Now this certainly introduces more errors. You can see that in the examples below. For a larger image with one main colour like 6 Nimmt we still get the correct dominant colour but in Altiplano it does not match the other methods.

The fast method is therefore probably the best option but scaling can still be useful...

Running On a Web Server

I have a fairly simple Linux webserver I use to host my bots and a website. This falls over due to a very large numpy array if you have a high def image so I added a very simple check into my bot code to use the fastest method if the image is larger than 1080p:

if shape[0] > 1920 and shape[1] > 1080:
    img = rescale(img, 0.1, multichannel=True)
    img = img * 255
    if debug:
        print(f'x0.10 Scaled shape: {np.shape(img)}')

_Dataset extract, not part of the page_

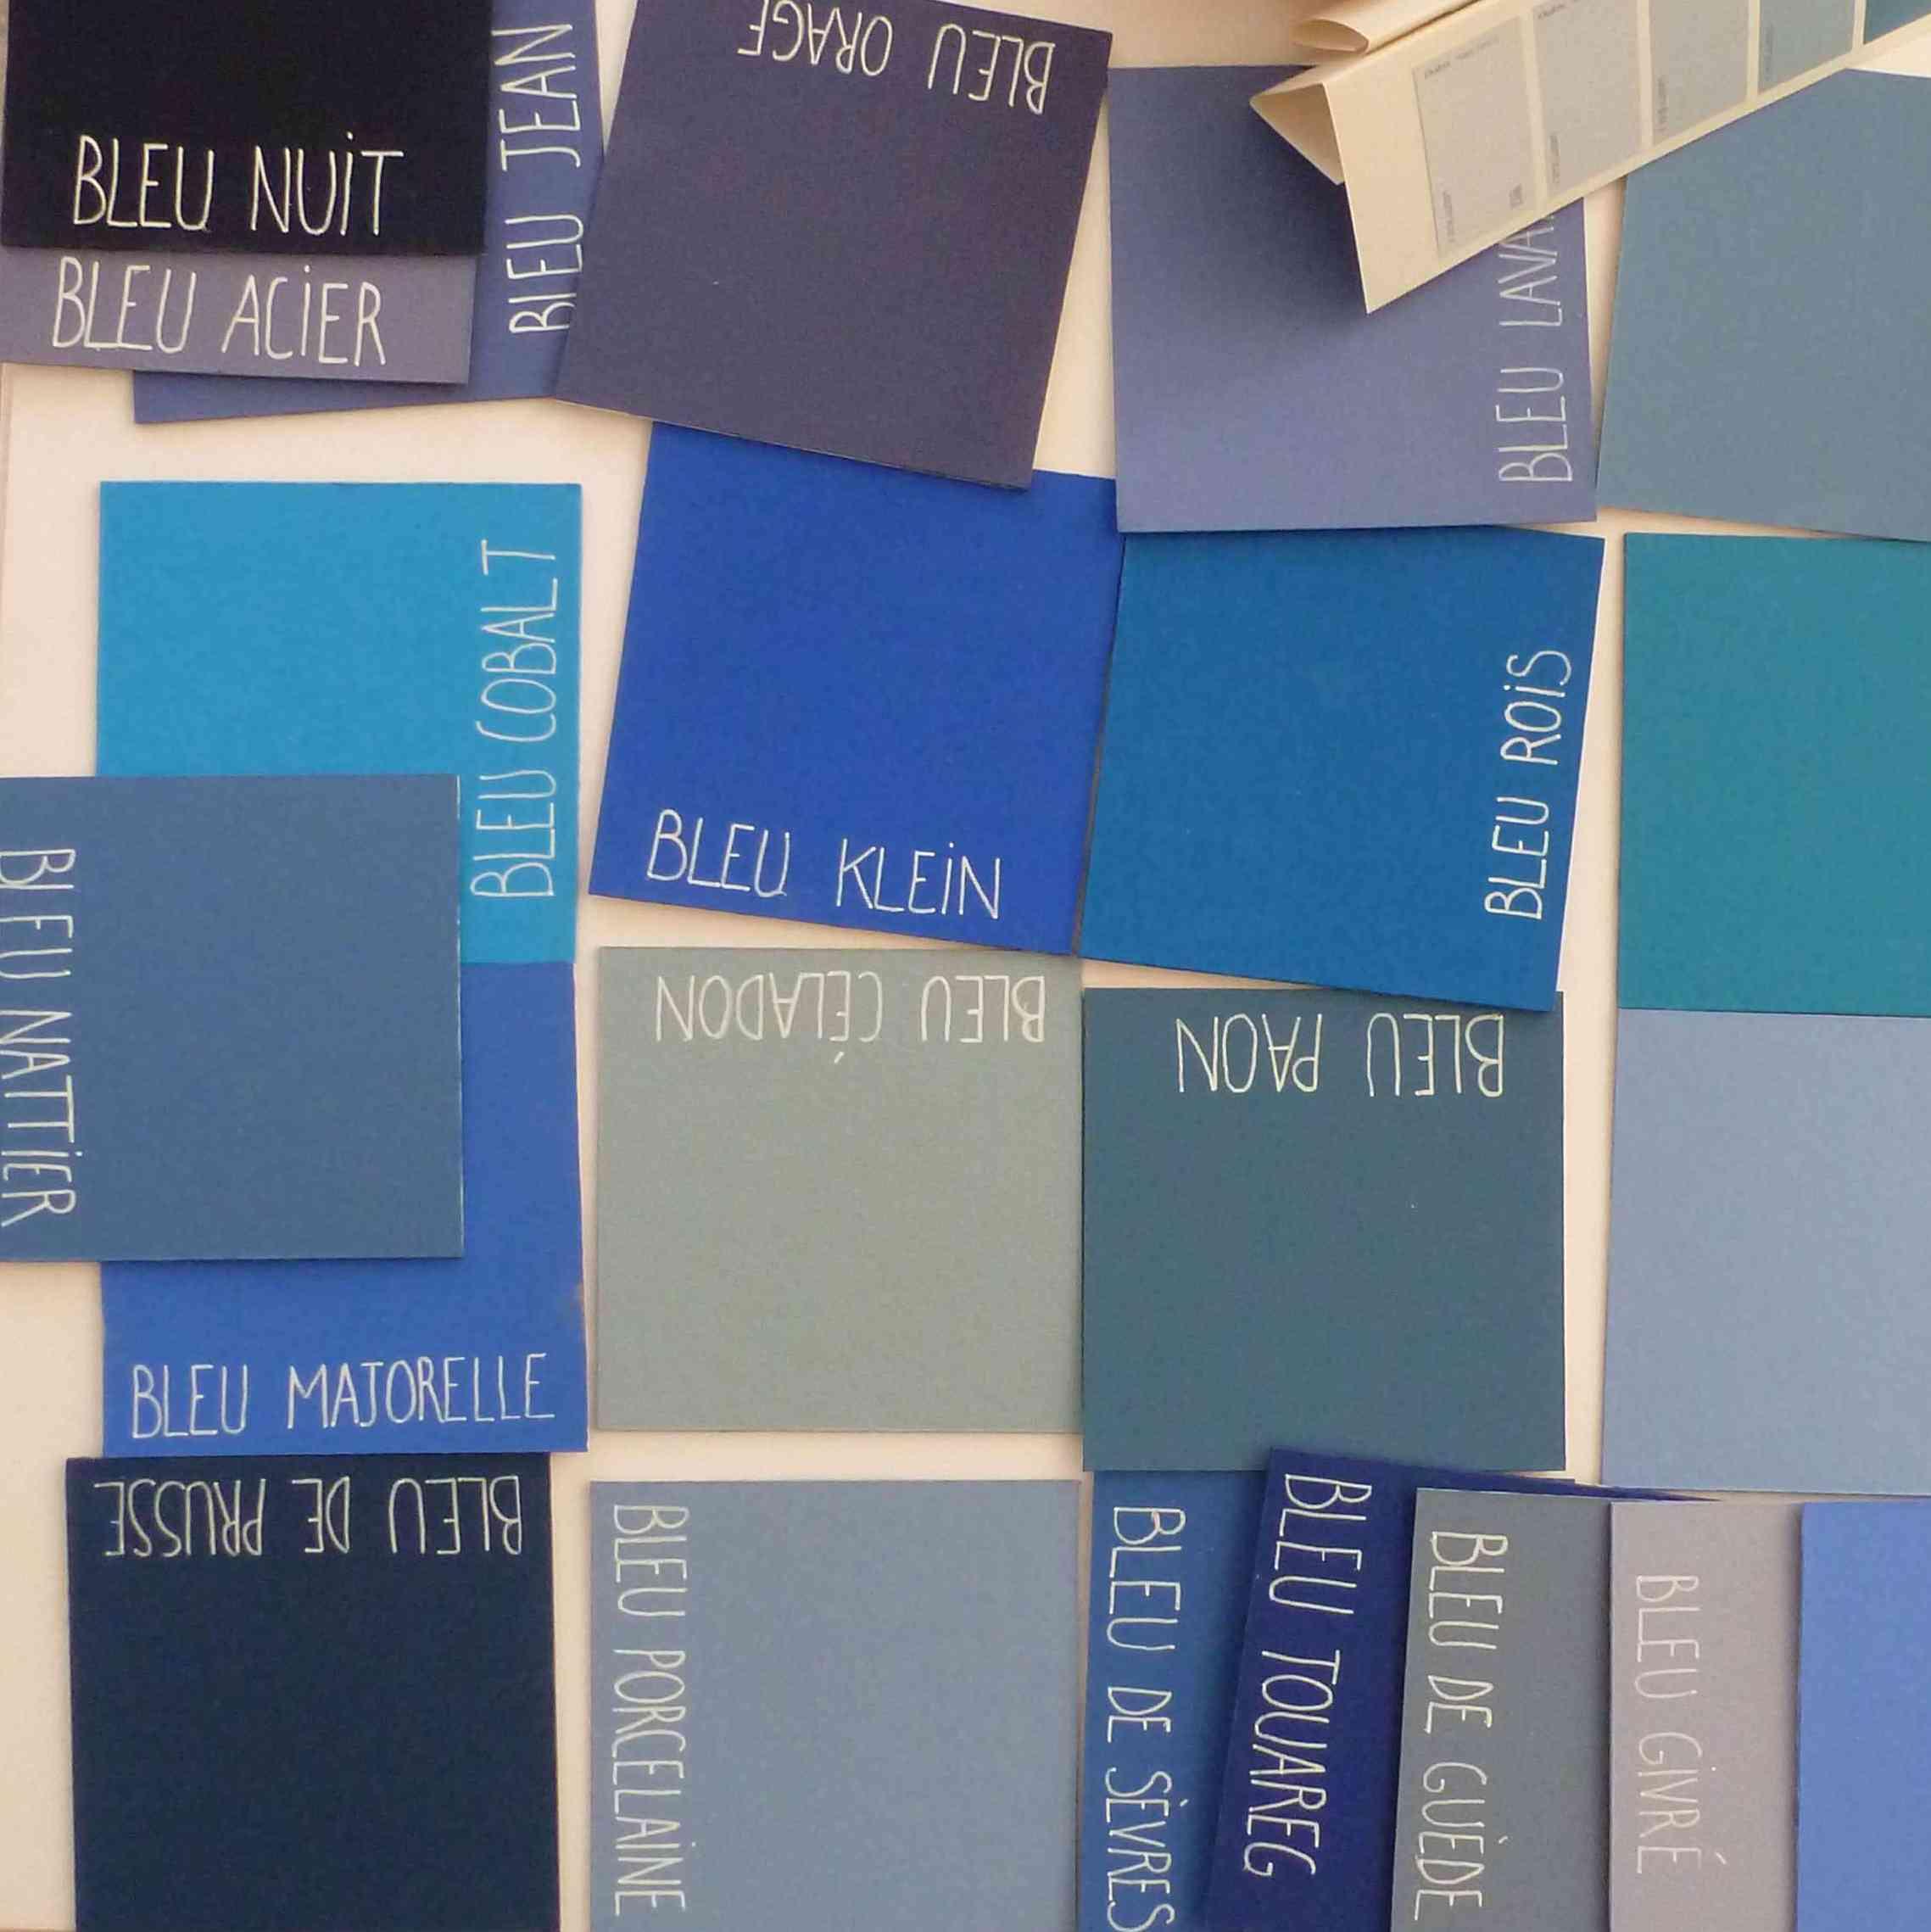 Mariage Le bleu dans tous ses etats 08-2013

And now my bot can add a snazzy coloured embed, here are some examples:

So I hope you find that helpful if you want to (relatively quickly) extract the dominant colour from an image. The git repo showing the comparisons above is a place to start if you want to use these functions.

Tom Out!

References

1. Color Separation in an Image using KMeans Clustering using Python

2. How to find the average colour of an image in Python with OpenCV?